Sorry, but that's about all I can come up with.

I'm sure there are others who can produce more positive information.


----------



## Thomasr (Oct 11, 2011)

Hello again

the watch movement was made using diamond stones rather than rubies this make it a nice quality watch. A nice thing!!


----------



## harryblakes7 (Oct 1, 2010)

Just to clarify the above comment the stones are corundum which is a clear sapphire, the red ones are just sapphires with chromium, there are other colours........

This type of watch is called a "Liverpool Window" Pocket watch due to the large jewels which you can look through and also the fact that the vast majority were made in Liverpool, and Preston being quite close to Liverpool supports this..............

Usually the winding arbour would also be jewelled and secured by 3 screws holding down the jewel by means of a chaton

Diamonds are reserved for the top of the balance c*ck where their hardness is used for the top of the balance pivot so it can't be worn away

You can also get Liverpool Window watches with red & blue stones......... and quite nice they look too


----------



## Shiner (Mar 2, 2011)

I've just had a root through some of my parts boxes and found this example with the jewelled winding arbour.


----------



## minkle (Mar 17, 2008)

Chaps.... thank you all so much!

This is well out of my area of knowledge.. if i have one at all!

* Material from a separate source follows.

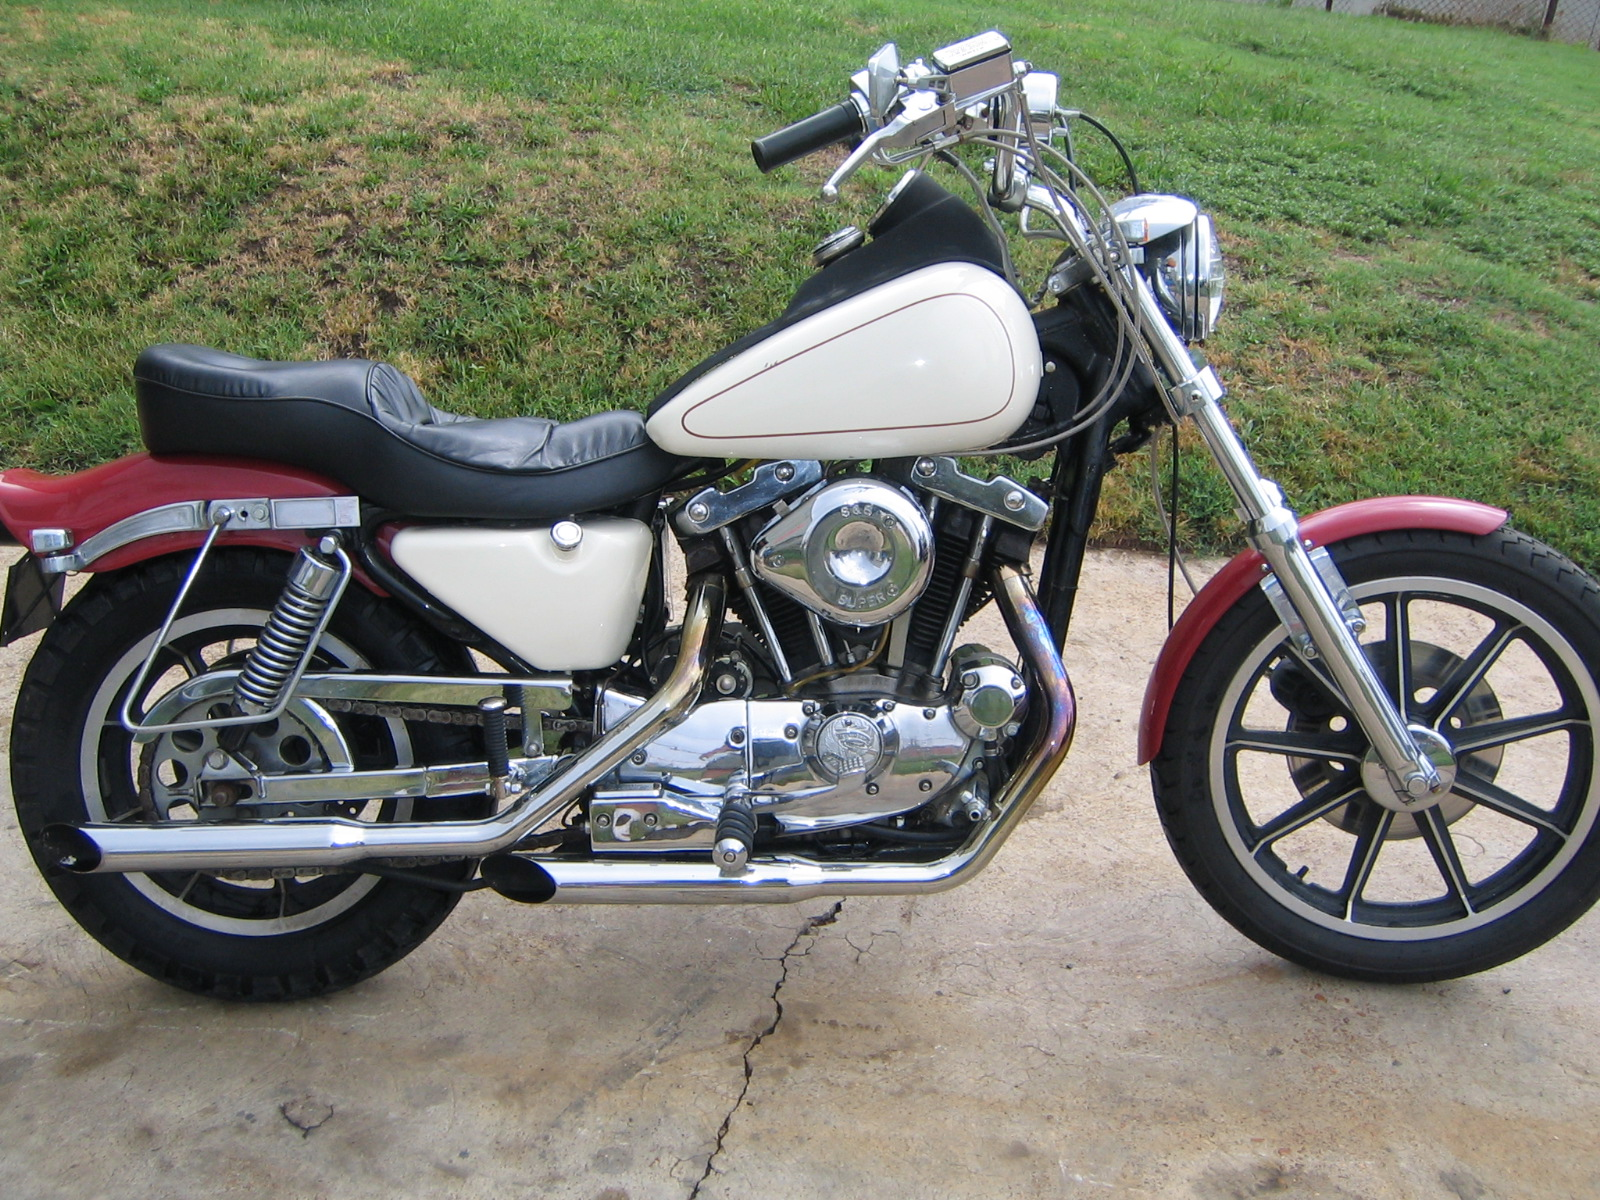 1984 Harley Davidson Xls

I am presuming it has been passed on from a relative, possibly an ex-pat living in the states.

Thanks again 

:rltb:


----------



## harryblakes7 (Oct 1, 2010)

No problemo, just to add it would of course be a fusee watch, so chain drive which smoothes out the power of the mainspring, here is a pic of the red stone version incase anyone is interested, they don't make them like they used to in the old days..........


----------